Chez Québec Solidaire, pas de mystère : on est en faveur de la hausse du salaire minimum à 15 $ et ce, le plus rapidement possible, voir dès maintenant, sans discuter.

De fait, à la rentrée parlementaire de 2016, le parti en faisait même une priorité (voir article ici).

La députée Manon Massé a de plus demandé une commission parlementaire pour, selon ses dires, « déconstruire les peurs de la droite » en ce qui a trait à une éventuelle hausse du salaire minimum à 15 dollars.

Ce parti d’extrême gauche qui cherche à ratisser plus large en montrant un visage plus modéré et rassurant n’a rien abandonné de sa philosophie très radicalement socialiste et anti-capitaliste.

Dans leur naïveté habituelle, les Solidaires préconisent de hausser le salaire minimum pour ainsi « créer de la richesse » en redonnant davantage aux plus démunis.

L’argent poussant dans les arbres, il suffit d’aller la chercher et le tour est joué!

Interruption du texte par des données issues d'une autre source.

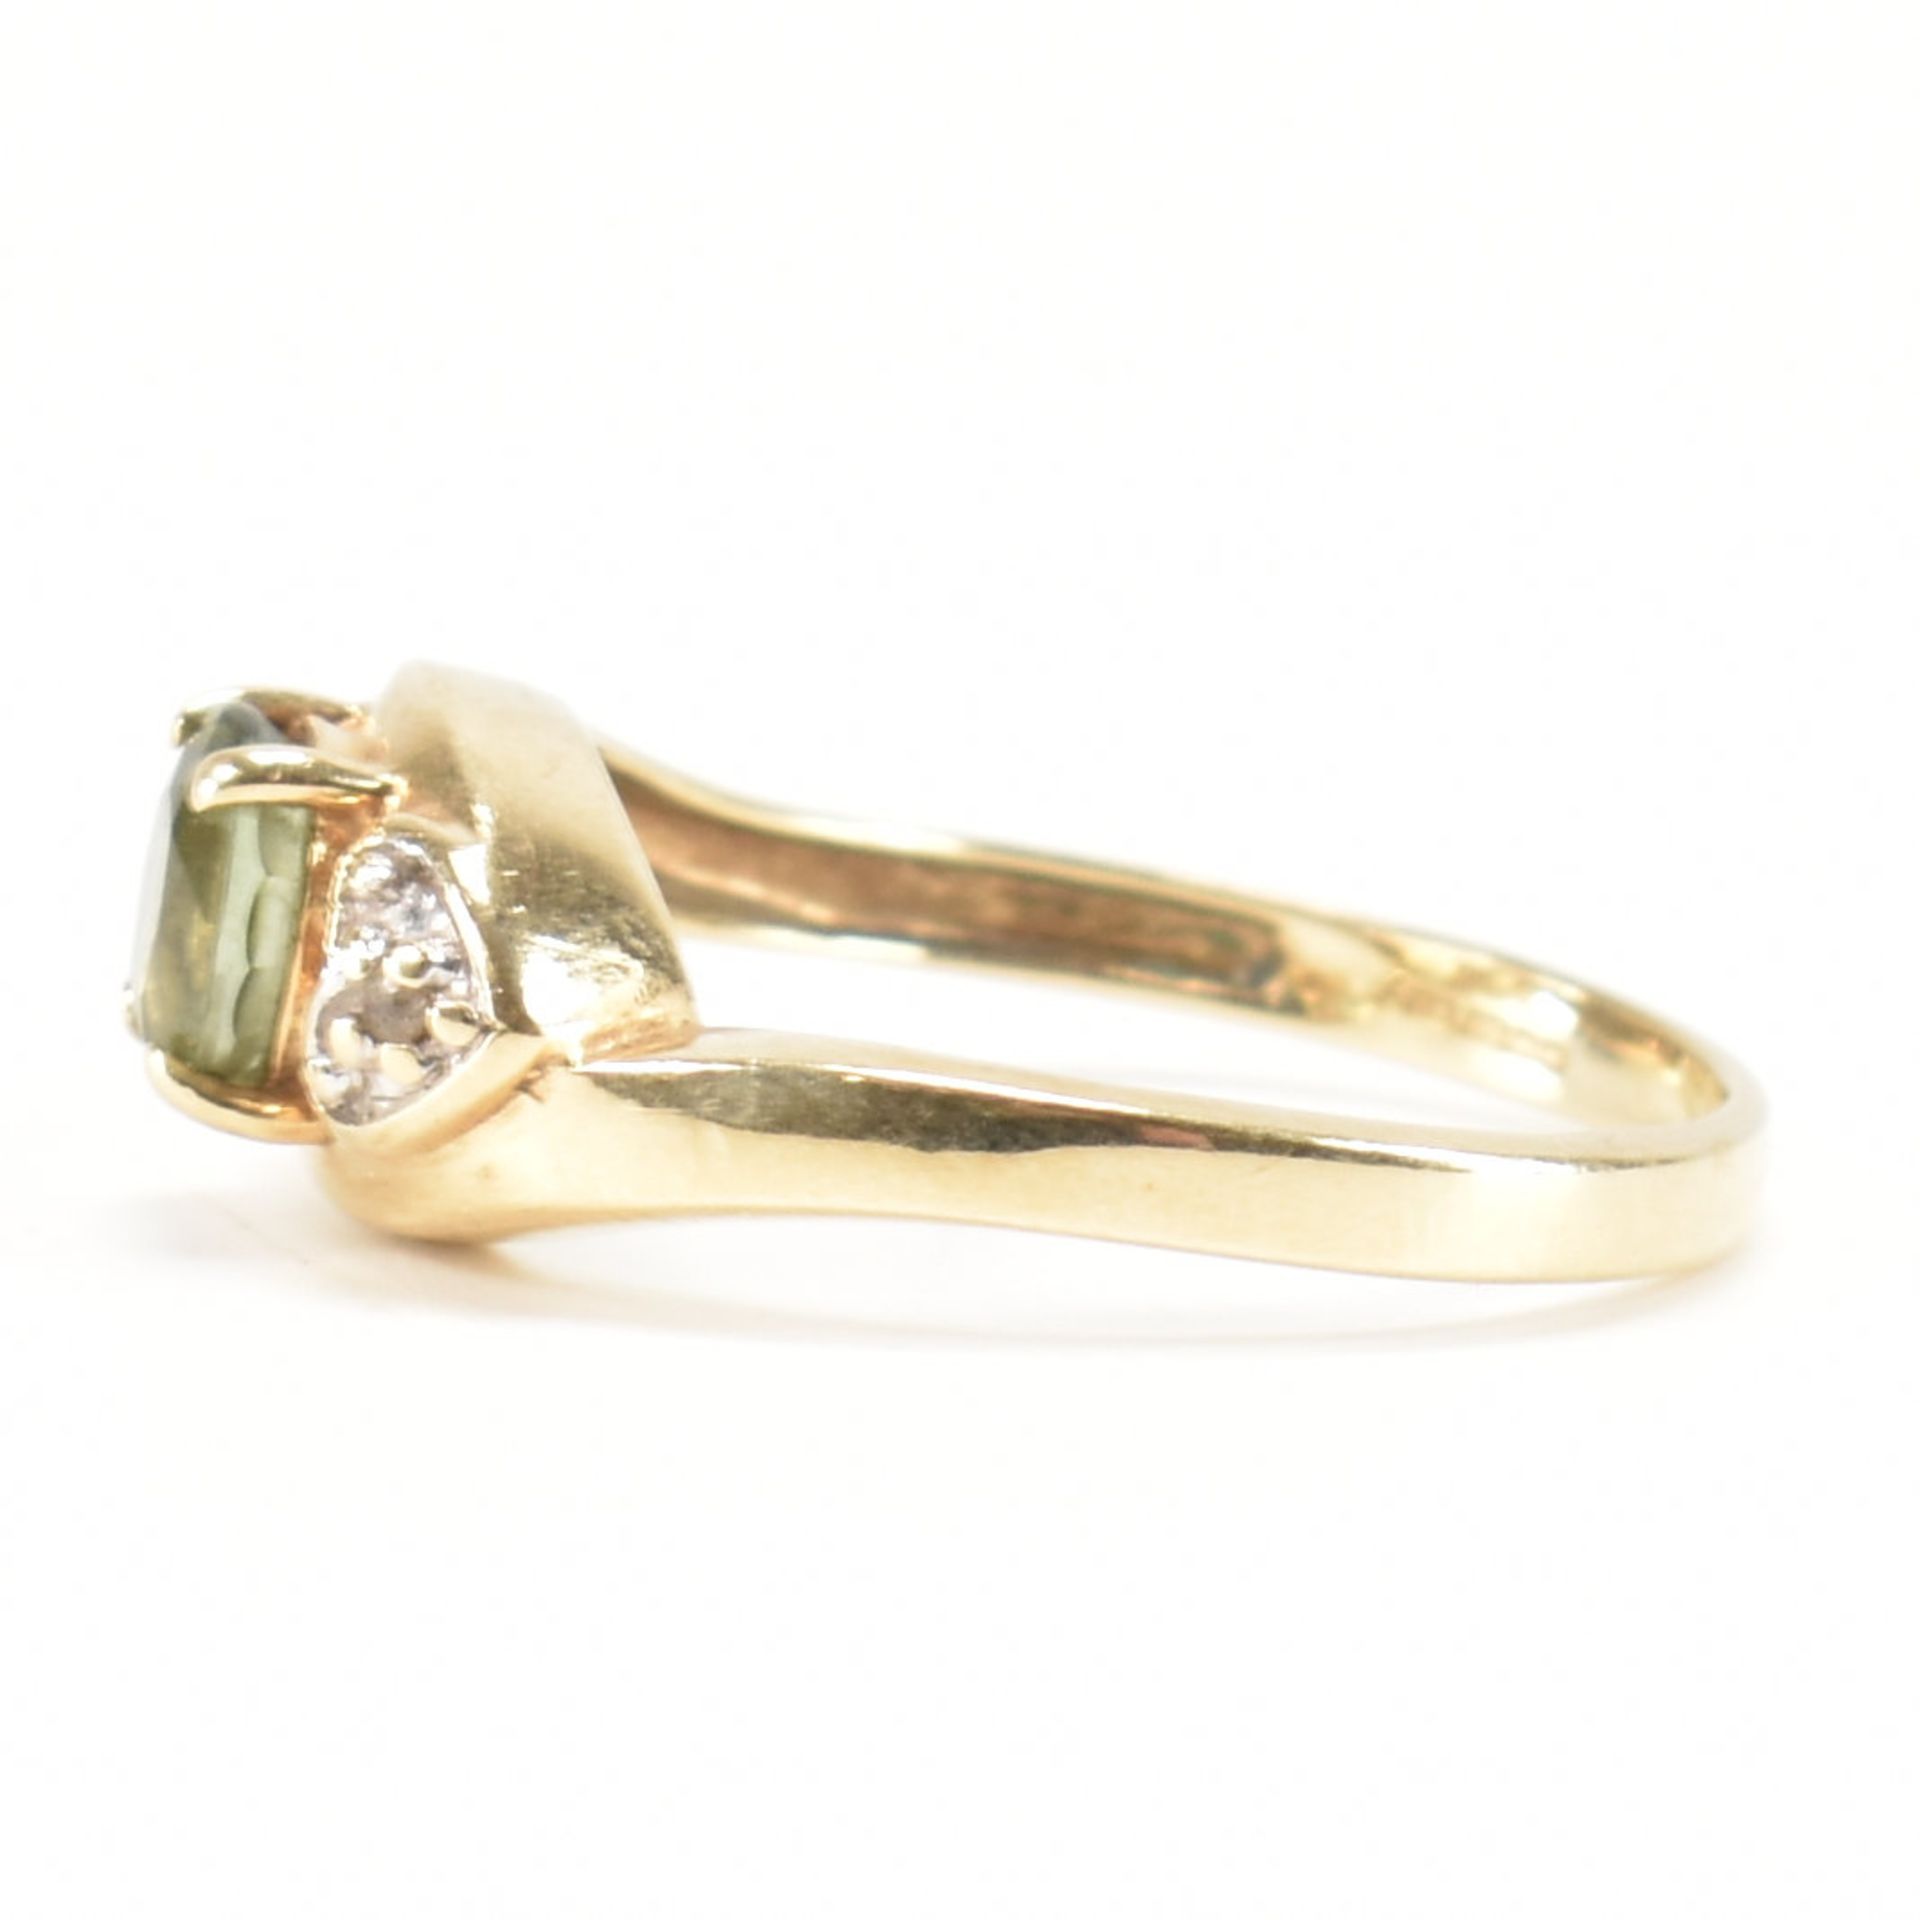 HALLMARKED 9CT GOLD & GREEN STONE CROSSOVER RING - Image 2 of 8

Un vote en 2018… pour le salaire minimum

En conclusion, à défaut de voir la CAQ ou le Parti libéral sortir victorieux des prochaines élections, les dépanneurs risquent fort de se faire imposer une hausse drastique du coût de leur main d’oeuvre dès 2019, qui peut facilement représenter 40 000 $ et plus par année en charges d’exploitation additionnelles pour un dépanneur qui souhaite maintenir un employé et demi sur le plancher en tout temps (voir simulation ici). Pour plusieurs, surtout les plus fragiles, ce sera sans doute la goutte d’eau qui fera déborder le vase et des fermetures en série sont à prévoir.

Car si les partis politiques sont vraiment très forts pour imposer des hausses de coûts avec le sourire et une tape dans le dos, ils sont absolument nuls et sans aucune utilité lorsqu’il s’agit de dégager des solutions de revenus additionnels.

On se demande toujours dans quelle poche les dépanneurs pourront aller chercher de tels revenus supplémentaires… en tout cas, sûrement pas dans celles de Loto-Québec ou de la SAQ!